» **Prompt**
Repeat exactly each line of the material, starting from the line that contains "Titos, Perrier &" and finishing with the final line.

» **Exercise material**
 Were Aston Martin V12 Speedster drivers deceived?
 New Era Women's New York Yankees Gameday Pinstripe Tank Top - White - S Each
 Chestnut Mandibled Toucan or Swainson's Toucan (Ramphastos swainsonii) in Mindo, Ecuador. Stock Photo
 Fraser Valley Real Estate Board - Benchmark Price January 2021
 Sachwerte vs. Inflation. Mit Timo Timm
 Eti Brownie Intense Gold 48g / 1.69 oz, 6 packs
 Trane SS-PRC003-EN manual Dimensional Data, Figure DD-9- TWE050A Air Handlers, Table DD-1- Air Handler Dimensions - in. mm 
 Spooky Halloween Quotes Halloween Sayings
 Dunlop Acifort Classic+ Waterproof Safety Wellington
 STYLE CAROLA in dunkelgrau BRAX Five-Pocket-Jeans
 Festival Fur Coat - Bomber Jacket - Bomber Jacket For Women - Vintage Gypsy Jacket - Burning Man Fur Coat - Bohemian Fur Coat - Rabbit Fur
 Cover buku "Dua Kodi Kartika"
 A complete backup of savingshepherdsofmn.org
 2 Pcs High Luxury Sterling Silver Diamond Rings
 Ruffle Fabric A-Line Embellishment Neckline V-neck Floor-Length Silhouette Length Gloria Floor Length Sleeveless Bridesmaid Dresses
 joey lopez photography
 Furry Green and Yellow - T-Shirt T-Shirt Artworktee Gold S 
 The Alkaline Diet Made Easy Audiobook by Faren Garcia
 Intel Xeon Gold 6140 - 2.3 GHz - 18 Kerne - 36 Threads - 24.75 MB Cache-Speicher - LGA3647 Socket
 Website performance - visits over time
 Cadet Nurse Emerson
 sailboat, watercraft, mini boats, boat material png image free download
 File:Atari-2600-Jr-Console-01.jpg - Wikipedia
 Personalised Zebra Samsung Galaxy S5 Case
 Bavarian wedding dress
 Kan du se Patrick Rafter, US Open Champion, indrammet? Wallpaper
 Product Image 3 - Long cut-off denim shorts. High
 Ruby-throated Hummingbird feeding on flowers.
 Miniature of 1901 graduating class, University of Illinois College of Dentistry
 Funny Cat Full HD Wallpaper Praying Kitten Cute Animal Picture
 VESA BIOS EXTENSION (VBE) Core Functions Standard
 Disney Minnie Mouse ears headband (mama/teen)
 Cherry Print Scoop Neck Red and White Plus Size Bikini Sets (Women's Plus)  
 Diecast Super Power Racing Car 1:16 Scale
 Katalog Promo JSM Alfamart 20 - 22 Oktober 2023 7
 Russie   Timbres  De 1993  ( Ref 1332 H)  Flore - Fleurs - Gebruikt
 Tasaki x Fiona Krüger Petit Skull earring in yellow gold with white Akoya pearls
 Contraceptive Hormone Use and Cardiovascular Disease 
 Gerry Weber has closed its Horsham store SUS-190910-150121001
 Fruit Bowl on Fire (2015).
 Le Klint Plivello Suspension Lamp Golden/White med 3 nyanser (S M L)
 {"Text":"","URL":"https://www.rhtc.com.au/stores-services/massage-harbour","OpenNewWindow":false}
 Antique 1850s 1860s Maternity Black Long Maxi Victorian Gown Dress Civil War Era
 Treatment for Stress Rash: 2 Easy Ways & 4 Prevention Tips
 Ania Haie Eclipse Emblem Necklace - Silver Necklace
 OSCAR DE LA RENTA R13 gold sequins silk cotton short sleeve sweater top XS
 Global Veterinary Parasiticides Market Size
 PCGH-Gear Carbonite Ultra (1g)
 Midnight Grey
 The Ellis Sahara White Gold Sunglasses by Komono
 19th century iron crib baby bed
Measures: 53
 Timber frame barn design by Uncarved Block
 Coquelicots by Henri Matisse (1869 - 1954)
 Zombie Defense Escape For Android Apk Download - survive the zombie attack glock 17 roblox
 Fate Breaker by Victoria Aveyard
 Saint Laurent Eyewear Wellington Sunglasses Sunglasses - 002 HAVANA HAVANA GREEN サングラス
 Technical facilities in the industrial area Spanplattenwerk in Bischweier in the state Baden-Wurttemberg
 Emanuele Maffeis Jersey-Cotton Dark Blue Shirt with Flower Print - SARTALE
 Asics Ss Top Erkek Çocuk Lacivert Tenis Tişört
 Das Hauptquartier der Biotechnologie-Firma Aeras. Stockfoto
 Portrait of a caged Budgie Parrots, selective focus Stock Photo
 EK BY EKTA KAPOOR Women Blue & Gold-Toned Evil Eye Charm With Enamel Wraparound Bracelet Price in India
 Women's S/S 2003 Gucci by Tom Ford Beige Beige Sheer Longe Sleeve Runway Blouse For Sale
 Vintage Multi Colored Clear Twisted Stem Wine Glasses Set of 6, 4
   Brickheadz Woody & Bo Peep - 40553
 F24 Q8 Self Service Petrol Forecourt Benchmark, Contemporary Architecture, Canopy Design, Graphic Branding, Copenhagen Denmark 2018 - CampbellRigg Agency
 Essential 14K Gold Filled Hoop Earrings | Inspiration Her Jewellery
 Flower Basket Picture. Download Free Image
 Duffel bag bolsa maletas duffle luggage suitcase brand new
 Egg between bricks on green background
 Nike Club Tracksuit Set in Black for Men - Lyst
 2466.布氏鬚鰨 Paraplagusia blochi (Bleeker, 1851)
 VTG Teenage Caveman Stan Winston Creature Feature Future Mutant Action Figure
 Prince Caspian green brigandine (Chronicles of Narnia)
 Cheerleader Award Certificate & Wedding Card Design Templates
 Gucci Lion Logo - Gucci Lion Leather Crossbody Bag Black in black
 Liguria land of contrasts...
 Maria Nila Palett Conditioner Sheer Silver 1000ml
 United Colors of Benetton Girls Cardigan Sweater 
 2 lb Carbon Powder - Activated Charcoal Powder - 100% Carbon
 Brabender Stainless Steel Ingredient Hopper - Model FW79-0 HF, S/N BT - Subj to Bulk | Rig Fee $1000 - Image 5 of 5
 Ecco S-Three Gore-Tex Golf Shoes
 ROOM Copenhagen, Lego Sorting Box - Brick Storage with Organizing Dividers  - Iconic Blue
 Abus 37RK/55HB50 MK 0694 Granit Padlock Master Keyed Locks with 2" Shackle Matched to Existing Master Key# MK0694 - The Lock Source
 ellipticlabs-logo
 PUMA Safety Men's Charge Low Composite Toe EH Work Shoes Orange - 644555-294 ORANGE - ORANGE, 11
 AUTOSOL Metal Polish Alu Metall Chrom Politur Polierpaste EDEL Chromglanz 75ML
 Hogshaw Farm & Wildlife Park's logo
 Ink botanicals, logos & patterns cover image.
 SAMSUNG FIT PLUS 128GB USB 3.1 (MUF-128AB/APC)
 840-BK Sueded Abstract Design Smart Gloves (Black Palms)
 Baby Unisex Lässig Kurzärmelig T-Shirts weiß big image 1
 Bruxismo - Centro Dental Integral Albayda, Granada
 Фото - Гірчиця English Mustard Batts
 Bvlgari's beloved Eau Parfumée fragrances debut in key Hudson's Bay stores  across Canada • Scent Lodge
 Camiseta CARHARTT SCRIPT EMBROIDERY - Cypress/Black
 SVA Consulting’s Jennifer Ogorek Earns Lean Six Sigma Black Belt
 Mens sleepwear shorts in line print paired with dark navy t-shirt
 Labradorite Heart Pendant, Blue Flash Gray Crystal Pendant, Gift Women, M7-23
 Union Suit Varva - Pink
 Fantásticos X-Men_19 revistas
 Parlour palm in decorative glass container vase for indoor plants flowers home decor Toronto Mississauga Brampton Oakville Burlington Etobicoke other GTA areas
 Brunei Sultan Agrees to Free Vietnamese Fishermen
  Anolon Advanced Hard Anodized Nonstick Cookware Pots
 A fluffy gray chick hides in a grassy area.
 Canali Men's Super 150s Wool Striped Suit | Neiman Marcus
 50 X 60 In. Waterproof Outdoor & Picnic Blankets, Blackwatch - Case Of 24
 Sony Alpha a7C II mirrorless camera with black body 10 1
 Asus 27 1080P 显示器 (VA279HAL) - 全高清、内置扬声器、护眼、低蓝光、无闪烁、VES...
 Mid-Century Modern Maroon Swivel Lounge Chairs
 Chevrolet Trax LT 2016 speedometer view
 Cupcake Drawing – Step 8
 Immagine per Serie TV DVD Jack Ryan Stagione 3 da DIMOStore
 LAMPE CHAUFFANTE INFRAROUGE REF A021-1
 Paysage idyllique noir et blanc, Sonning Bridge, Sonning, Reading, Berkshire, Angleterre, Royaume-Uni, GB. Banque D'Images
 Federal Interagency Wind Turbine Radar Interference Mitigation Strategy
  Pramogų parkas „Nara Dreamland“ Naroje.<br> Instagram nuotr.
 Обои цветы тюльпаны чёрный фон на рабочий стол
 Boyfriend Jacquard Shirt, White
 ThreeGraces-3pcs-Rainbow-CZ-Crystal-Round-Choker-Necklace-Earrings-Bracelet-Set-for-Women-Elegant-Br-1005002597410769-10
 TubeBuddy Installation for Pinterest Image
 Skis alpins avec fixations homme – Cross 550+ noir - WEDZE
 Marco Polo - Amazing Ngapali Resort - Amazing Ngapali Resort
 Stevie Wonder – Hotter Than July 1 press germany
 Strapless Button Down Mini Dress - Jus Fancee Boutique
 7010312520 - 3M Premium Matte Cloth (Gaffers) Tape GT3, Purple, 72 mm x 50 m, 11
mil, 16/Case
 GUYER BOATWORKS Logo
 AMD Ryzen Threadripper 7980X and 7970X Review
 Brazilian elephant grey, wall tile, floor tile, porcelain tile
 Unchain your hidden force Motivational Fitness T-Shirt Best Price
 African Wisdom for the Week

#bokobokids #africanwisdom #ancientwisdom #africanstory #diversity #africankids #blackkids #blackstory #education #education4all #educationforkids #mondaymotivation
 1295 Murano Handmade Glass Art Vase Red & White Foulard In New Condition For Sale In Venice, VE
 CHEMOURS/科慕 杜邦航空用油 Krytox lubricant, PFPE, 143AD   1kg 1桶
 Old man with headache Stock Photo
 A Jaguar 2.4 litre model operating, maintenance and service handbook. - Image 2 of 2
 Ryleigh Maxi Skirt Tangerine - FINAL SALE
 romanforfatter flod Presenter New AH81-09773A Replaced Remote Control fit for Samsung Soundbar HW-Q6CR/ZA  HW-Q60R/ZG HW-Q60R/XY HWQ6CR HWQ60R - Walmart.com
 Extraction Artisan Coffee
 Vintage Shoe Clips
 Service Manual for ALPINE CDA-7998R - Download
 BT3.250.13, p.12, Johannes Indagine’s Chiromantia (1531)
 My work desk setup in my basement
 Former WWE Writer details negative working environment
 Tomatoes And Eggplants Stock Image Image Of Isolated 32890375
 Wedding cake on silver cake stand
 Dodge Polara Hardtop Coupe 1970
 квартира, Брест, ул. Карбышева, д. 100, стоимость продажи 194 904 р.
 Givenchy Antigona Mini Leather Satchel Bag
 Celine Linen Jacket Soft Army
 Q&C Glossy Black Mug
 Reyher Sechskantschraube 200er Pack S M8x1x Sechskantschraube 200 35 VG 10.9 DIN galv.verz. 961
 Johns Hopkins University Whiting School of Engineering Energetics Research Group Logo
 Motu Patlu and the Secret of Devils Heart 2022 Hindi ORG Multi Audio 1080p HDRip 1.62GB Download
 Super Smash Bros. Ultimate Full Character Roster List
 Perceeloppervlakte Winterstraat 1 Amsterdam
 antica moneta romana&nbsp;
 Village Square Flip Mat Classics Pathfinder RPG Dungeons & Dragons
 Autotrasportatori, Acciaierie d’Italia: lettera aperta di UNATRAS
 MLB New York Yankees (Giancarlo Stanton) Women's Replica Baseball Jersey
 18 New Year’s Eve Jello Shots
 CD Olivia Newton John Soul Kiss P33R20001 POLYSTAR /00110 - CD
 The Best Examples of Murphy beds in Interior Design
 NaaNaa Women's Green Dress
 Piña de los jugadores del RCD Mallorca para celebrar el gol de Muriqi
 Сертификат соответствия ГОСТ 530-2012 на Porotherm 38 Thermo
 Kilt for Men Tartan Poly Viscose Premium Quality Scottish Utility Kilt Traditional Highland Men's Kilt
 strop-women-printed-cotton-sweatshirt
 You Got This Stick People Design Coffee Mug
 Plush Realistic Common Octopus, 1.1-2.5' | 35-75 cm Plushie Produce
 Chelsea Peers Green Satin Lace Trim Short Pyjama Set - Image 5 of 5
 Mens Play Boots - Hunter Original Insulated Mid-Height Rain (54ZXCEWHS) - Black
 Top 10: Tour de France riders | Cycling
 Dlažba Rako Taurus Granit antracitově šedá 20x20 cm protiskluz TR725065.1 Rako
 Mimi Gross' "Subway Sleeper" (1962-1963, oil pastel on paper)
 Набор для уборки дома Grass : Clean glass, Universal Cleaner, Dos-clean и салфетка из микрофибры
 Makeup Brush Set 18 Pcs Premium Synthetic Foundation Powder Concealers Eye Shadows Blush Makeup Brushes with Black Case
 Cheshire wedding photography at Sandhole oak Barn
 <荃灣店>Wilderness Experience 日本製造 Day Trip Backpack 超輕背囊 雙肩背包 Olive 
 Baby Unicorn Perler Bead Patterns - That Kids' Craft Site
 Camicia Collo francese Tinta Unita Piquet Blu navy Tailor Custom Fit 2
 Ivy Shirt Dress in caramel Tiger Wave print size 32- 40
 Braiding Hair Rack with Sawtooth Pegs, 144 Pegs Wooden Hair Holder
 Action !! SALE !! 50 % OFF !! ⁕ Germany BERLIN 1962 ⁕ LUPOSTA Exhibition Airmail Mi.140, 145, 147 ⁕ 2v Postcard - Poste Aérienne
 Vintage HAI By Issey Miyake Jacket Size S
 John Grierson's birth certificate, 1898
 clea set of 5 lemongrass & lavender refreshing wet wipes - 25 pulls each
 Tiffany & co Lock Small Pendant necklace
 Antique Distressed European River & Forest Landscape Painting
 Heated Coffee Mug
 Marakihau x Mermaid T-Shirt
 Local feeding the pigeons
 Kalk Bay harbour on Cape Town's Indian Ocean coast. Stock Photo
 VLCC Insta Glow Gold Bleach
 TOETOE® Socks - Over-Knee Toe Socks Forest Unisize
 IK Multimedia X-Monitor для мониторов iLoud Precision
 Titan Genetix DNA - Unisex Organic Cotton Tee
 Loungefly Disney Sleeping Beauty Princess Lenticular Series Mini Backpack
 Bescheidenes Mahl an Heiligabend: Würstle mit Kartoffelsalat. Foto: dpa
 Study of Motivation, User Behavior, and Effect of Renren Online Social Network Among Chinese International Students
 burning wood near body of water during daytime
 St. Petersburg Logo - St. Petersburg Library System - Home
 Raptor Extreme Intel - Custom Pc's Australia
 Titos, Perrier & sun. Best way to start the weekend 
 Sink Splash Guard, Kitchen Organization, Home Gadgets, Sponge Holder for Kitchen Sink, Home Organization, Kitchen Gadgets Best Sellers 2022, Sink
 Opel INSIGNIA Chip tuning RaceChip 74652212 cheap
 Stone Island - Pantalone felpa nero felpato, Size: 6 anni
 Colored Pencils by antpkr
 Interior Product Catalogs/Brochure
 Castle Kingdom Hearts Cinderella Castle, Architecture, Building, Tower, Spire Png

» **Output of the task**
 Titos, Perrier & sun. Best way to start the weekend 
 Sink Splash Guard, Kitchen Organization, Home Gadgets, Sponge Holder for Kitchen Sink, Home Organization, Kitchen Gadgets Best Sellers 2022, Sink
 Opel INSIGNIA Chip tuning RaceChip 74652212 cheap
 Stone Island - Pantalone felpa nero felpato, Size: 6 anni
 Colored Pencils by antpkr
 Interior Product Catalogs/Brochure
 Castle Kingdom Hearts Cinderella Castle, Architecture, Building, Tower, Spire Png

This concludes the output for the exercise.